A few days ago, I shared MediTrack — a hospital management system I built with Laravel to manage doctors, patients, appointments, prescriptions, and lab tests. 🏥💻

While building it, I realized something important:

Laravel starts making a lot more sense when you stop only watching tutorials and start building real projects yourself.

MediTrack was one of the first projects where I had to think beyond basic CRUD pages and actually connect features together like a real system. Along the way, I learned lessons that honestly changed how I approach development now.

1️⃣ Database Design Matters A Lot More Than I Expected

At the beginning, I underestimated how important database planning really is.

I had:

  • doctors connected to appointments
  • patients connected to prescriptions
  • lab tests connected to patients

…and after a while I realized:

If the database structure is messy, everything else becomes messy too 😅

This project pushed me to properly learn Laravel relationships like:

  • hasMany
  • belongsTo

There were moments where I had to:

  • go back and restructure tables
  • rethink relationships
  • adjust migrations after realizing certain connections didn’t make sense

It was frustrating sometimes, but it taught me a very important lesson.

Big takeaway:
A good database structure makes the rest of the project much easier.

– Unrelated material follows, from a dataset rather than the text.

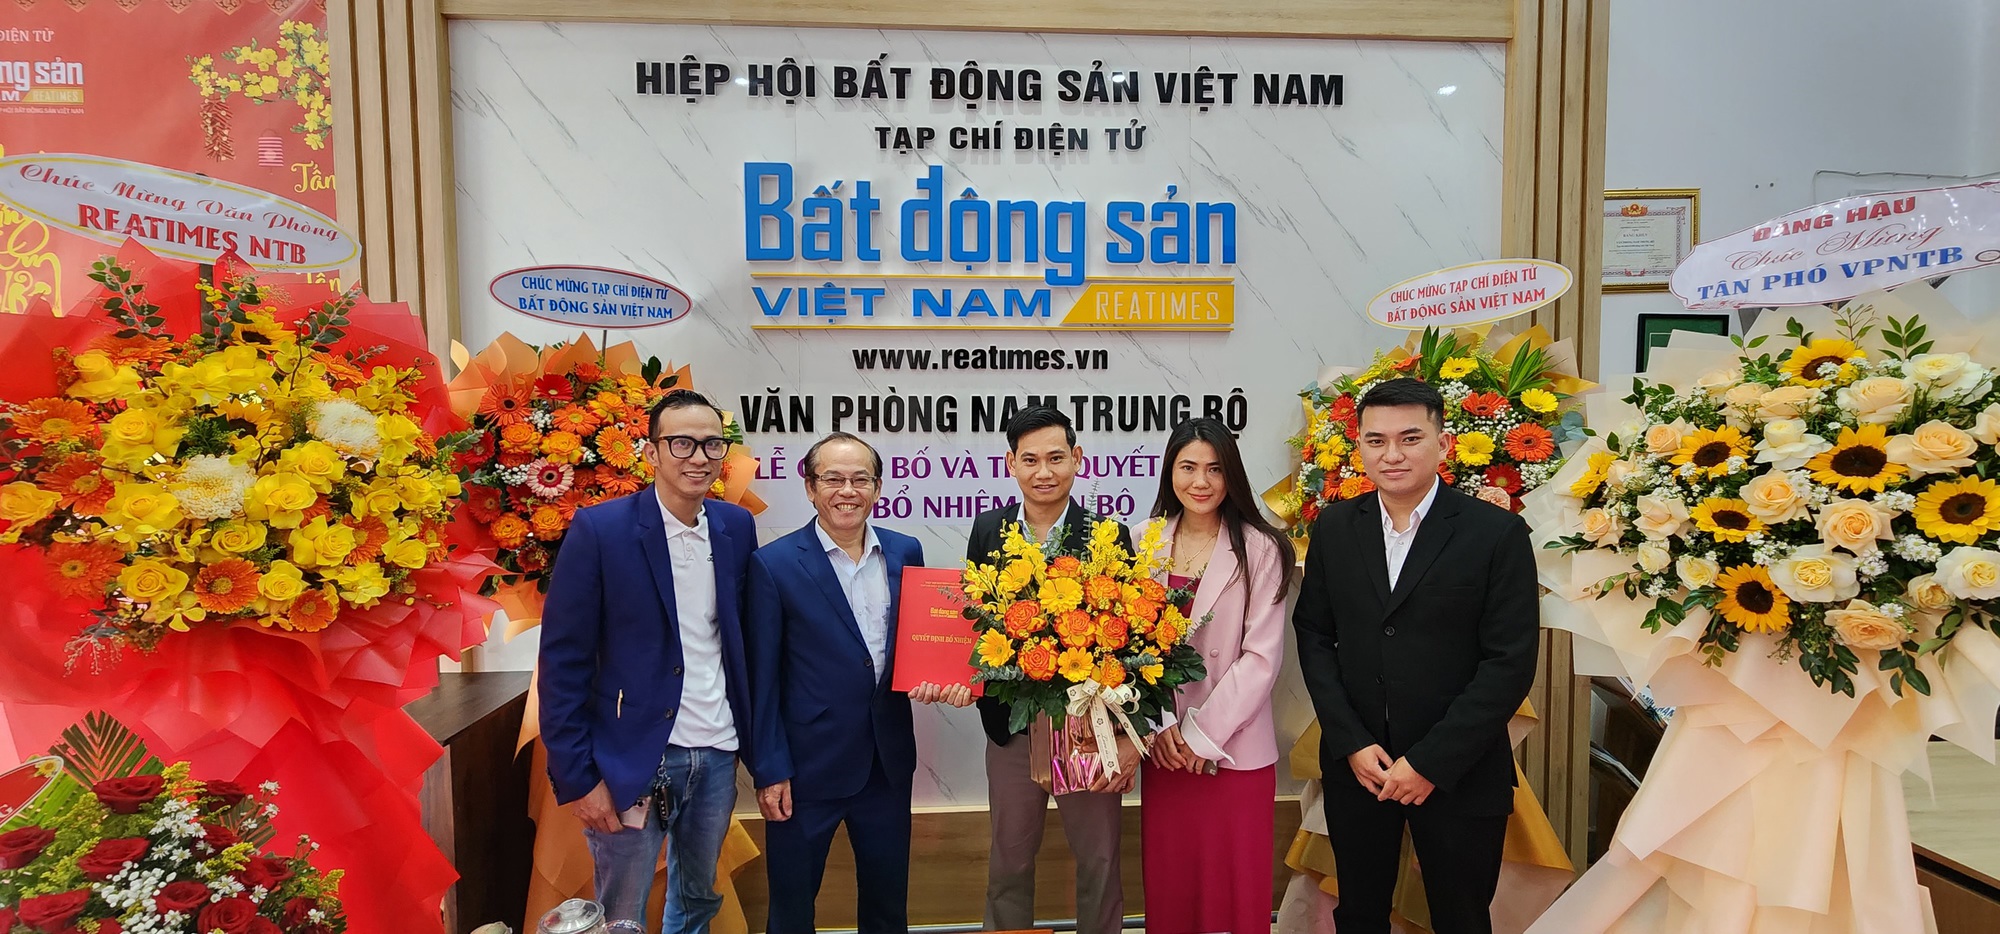 Công bố Quyết định bổ nhiệm Phó trưởng Văn phòng đại diện Tạp chí điện tử Bất động sản Việt Nam khu vực Nam Trung Bộ- Ảnh 2.

2️⃣ Authentication Is More Than Just a Login Page

Before building MediTrack, I used to think authentication mostly meant:

  • Login
  • Register
  • Logout

That was basically my understanding of it.

But once I added different roles like:

  • Admin
  • Doctor
  • Receptionist

…I realized there’s a whole different side to authentication and authorization.

Different users needed:

  • different dashboards
  • different permissions
  • protected routes
  • restricted access to certain features

This was where I started learning about:

  • Laravel middleware
  • route protection
  • backend validation

One thing this project taught me very quickly is:

⚠️ Never rely only on the frontend for security.

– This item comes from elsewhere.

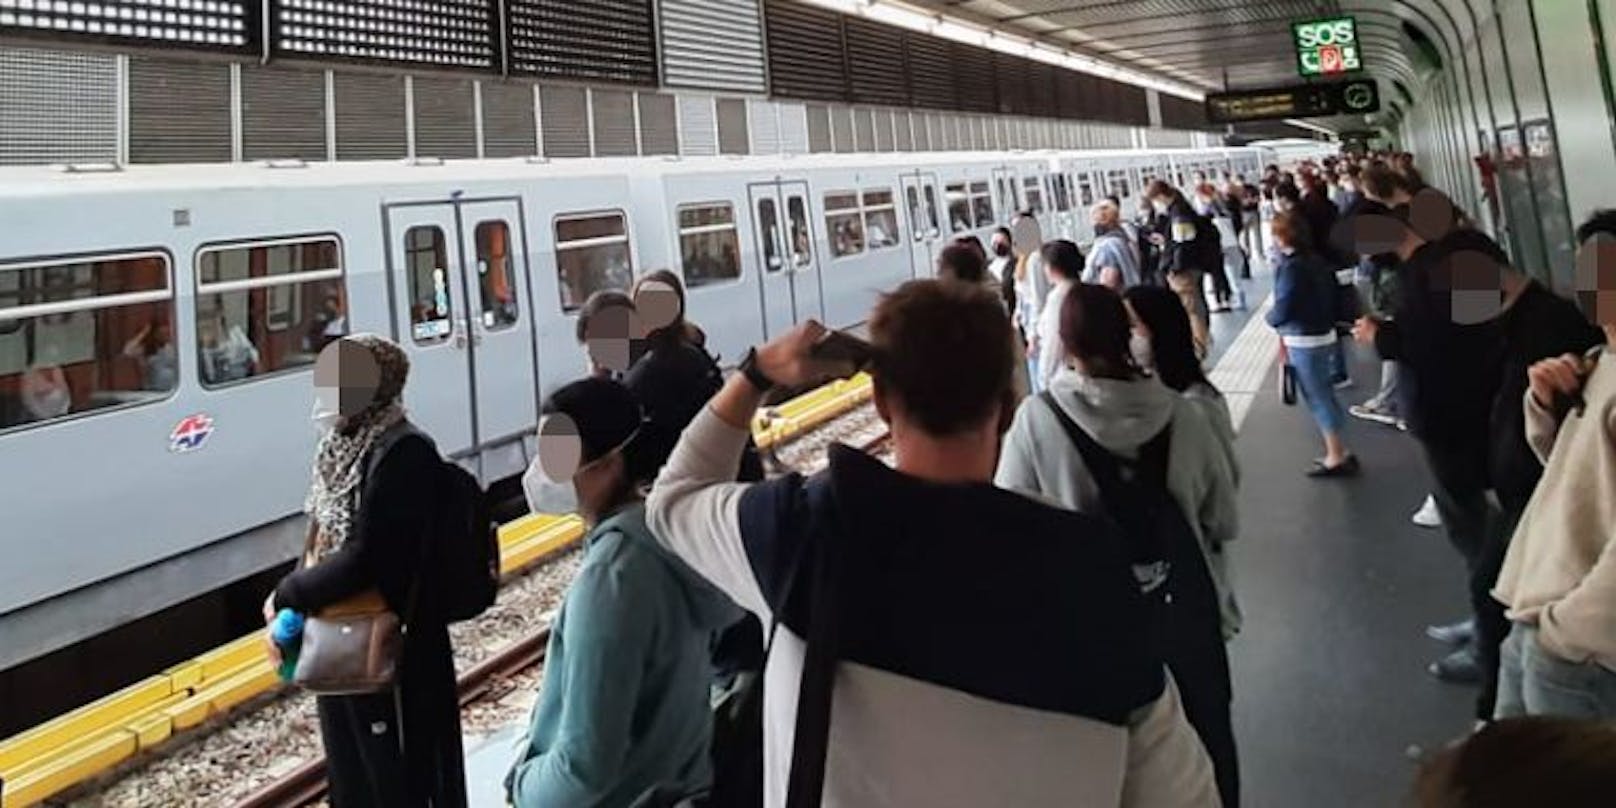 "Die U-Bahnlinie U4 kann wegen eines schadhaften Fahrzeuges derzeit in beiden Richtungen nur unregelmäßig fahren", heißt es aktuell (Stand 7.30 Uhr) auf der Homepage der Wiener Linien – und das ausgerechnet im Frühverkehr! Fahrgäste müssen sich also Mittwochfrüh auf längere Wartezeiten einstellen.

At first, I focused too much on hiding buttons or pages in the UI, but later I understood that real protection happens on the backend.

Big takeaway:
Security and organization go hand in hand.

3️⃣ Real Projects Teach More Than Tutorials 🚀

Tutorials definitely helped me understand the basics of Laravel.

But MediTrack was where things became real.

There were moments where:

  • features randomly stopped working
  • database queries returned incorrect data
  • UI sections broke after tiny changes
  • debugging took much longer than expected 😭

And unlike tutorials, there wasn’t always a step-by-step solution waiting for me.

I had to:

  • search documentation
  • troubleshoot problems
  • test multiple fixes
  • slowly figure things out myself

That process was difficult sometimes, but honestly, it’s also where I learned the most.

Real projects force you to learn:

  • how to organize your code
  • how systems connect together
  • how to debug properly
  • how to stay patient when things break

And I think that’s where real growth starts happening.

Big takeaway:
Building a real project teaches you how to think like a developer, not just how to follow instructions.

🎯Final Thoughts

MediTrack still has a long way to go, and there are many features I still want to improve.

But building it taught me far more than staying inside small tutorial projects ever could.

Laravel feels much less intimidating to me now because I’ve actually used it to solve real problems step by step.

So if you’re currently learning Laravel or web development in general, my advice is simple:

👉 Start building projects early — even if they’re imperfect.

You’ll learn much more from debugging your own mistakes than from endlessly watching tutorials.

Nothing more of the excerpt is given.